'Your hospitality, Monseigneur, would endanger my honour as a loyal soldier,' said I, impatient to leave for ever the home and vicinity of one who had cost my heart so dear.

'Well—well; the main-body of your army is far from here, beyond the Rhine, under the Marechal de la Force. How stand you for funds?'

'I am at zero, Monseigneur,' said I; for I had spent so much in procuring luxuries for my fair companion, that I had scarcely a denier left.

The Duke wrote for me an order on his Comptroller-General of Finance for a thousand crowns; but when presented, only fifty were forthcoming; for war and impending conquest had sorely impaired the resources of his once princely inheritance.

He presented me with a beautiful pair of silver-mounted girdle pistols; and now many gentlemen and cavaliers of his court, who had hitherto held coldly aloof, pressed around me, with those compliments and congratulations that flow so readily from a courtier's oily tongue; but I observed that still the suspicious or haughty Pappenheim, and the sullen De Bitche, were resolved to shun me. After some frivolous conversation I retired, and was conducted, by M. Schreckhorn, the Swiss, to my own apartments, where again I seated myself at the table as before, to ponder over all that had passed.

CHAPTER XLIX
DEFIANCE.

The cheers of the people still rang in the streets, where several puncheons of wine were set abroach by the master of the household; the contents of these were quaffed by the German troops, who thereafter, with great liberality, gave the loyal citizens the purple staves to suck.
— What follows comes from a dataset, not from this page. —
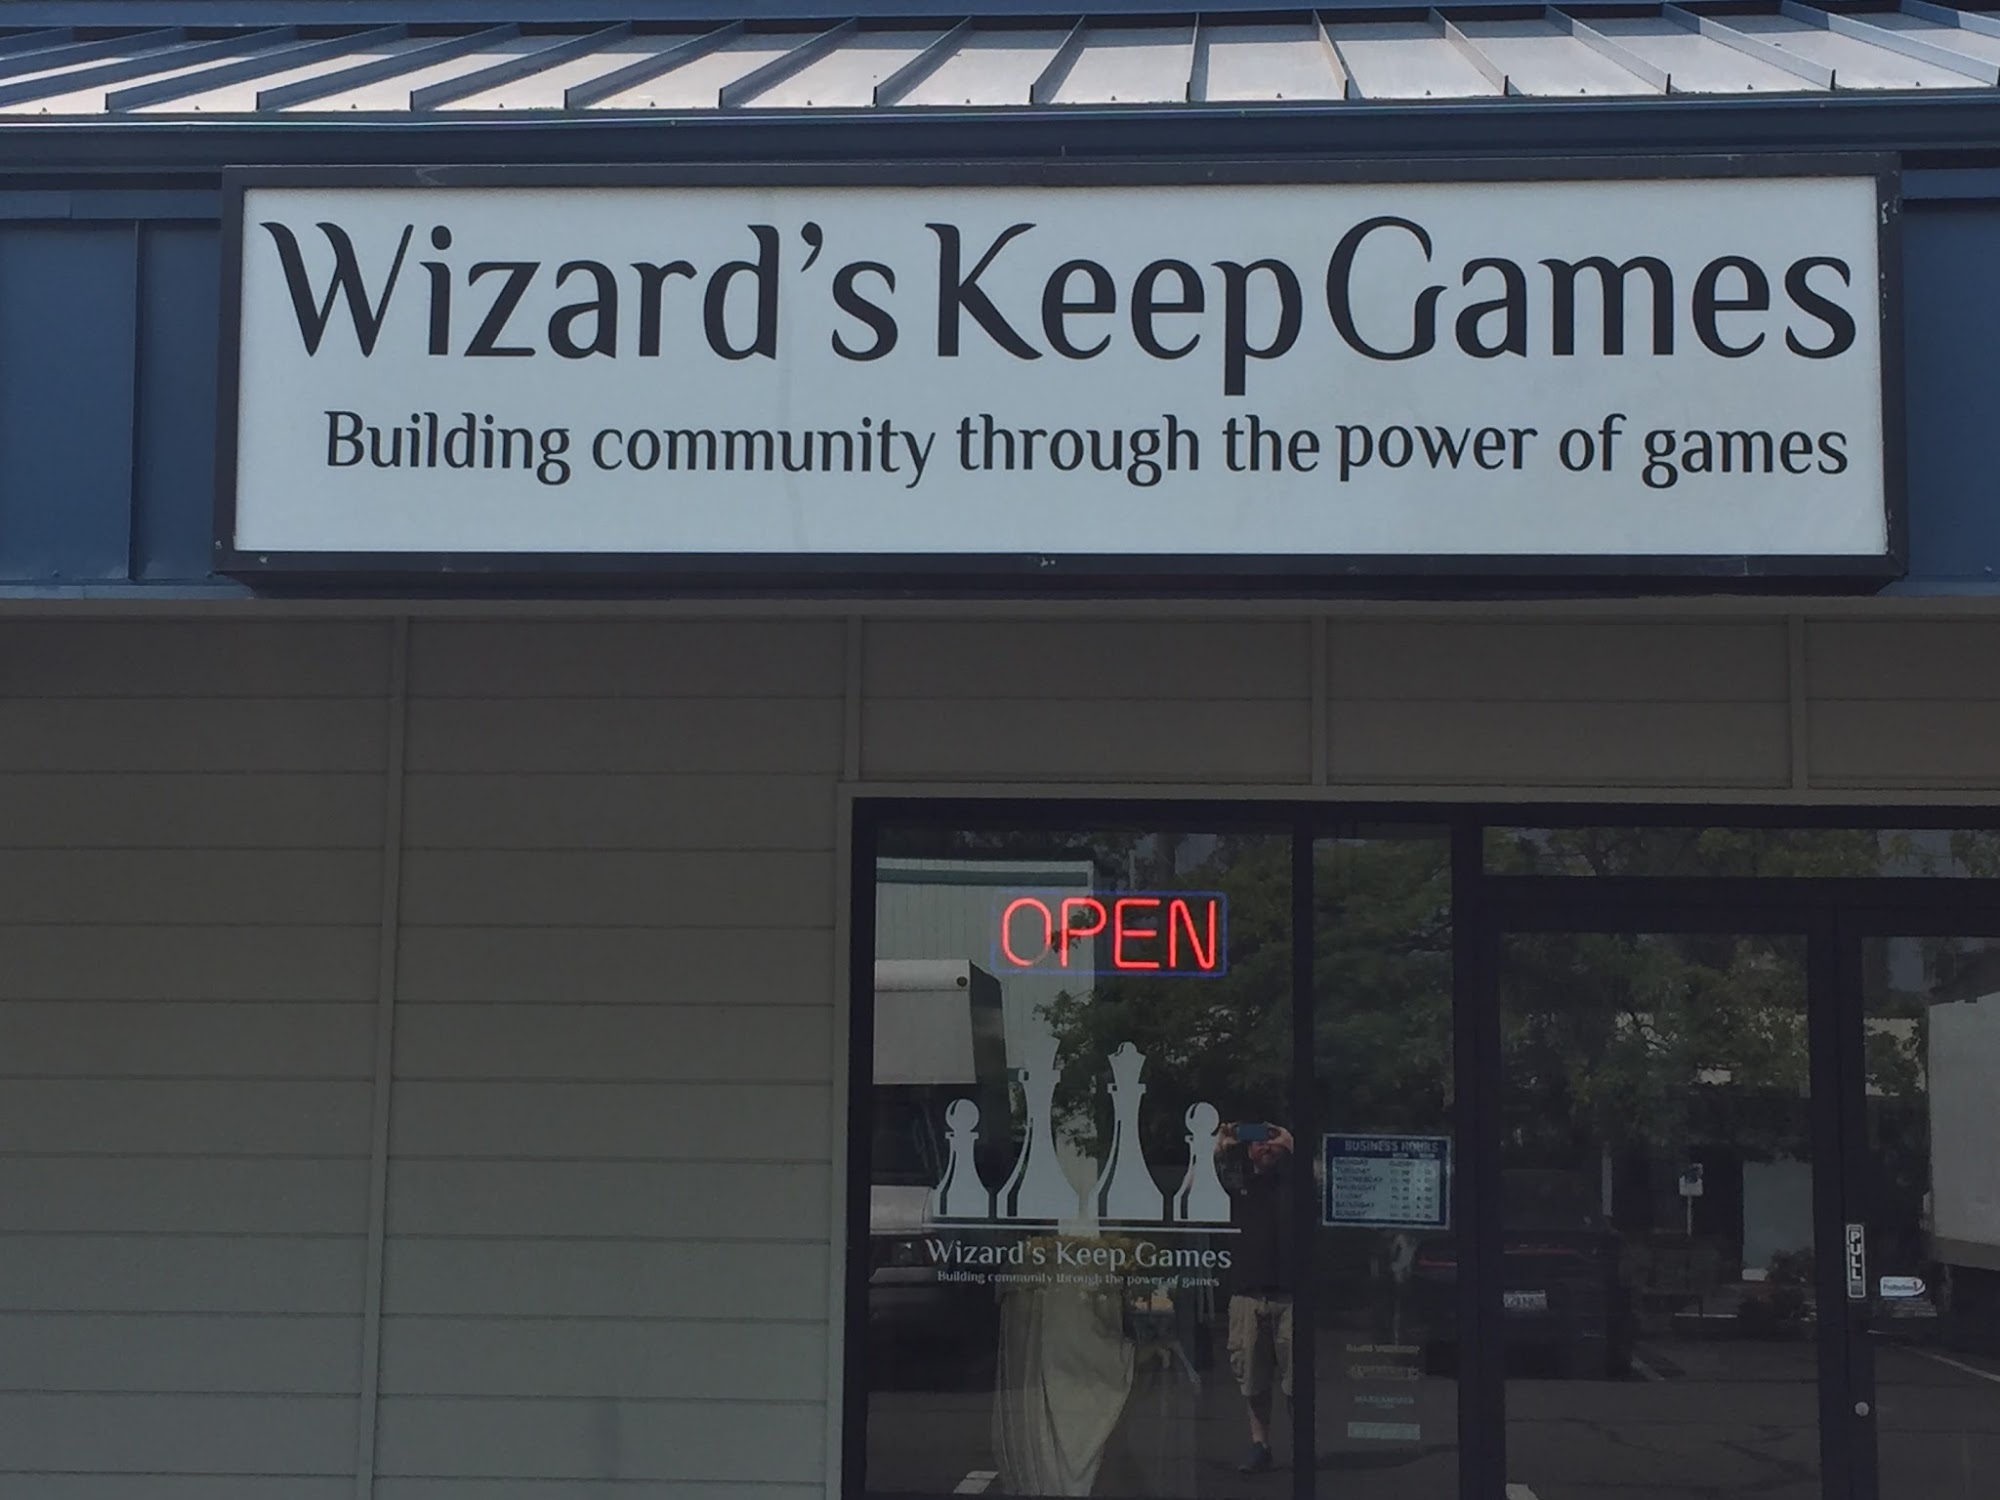 Wizards Keep Games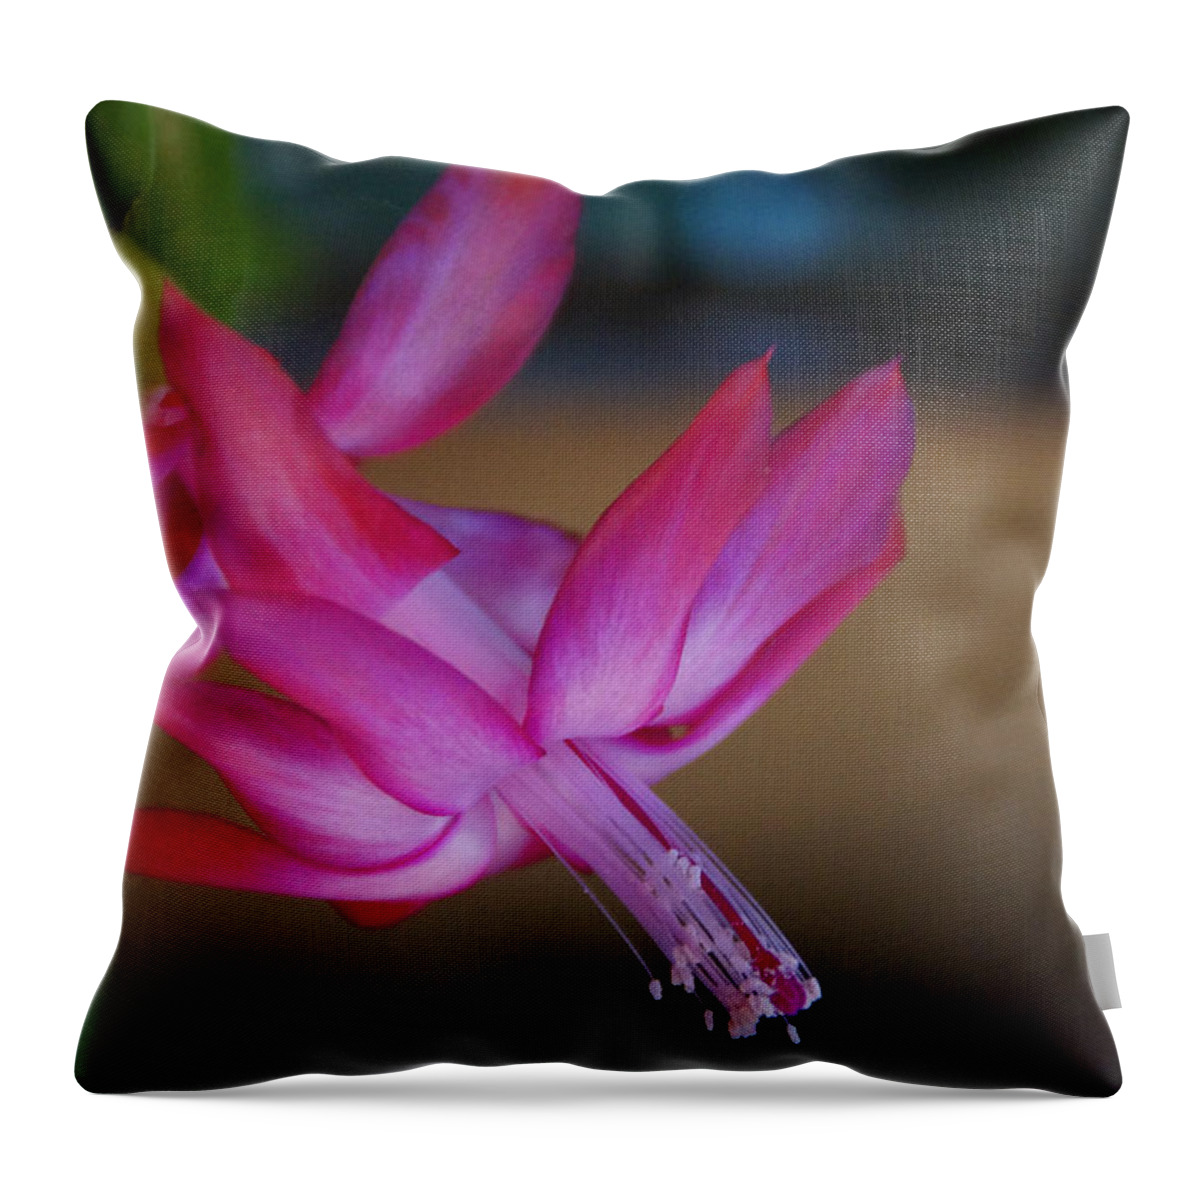 Bloom Throw Pillow featuring the photograph Christmas Cactus Bloom by Mick Anderson

In my chamber I found my valise, which in the hurry and excitement of recent events I had quite forgotten, although it contained the king's despatches to the Duc de Lavalette, and Sir John Hepburn's baton and diploma as Marechal of France. The documents I resolved to secure about my person for the future, until I could place them in the hands of those to whom they were addressed.

'How came this portmanteau here?' I asked my servant.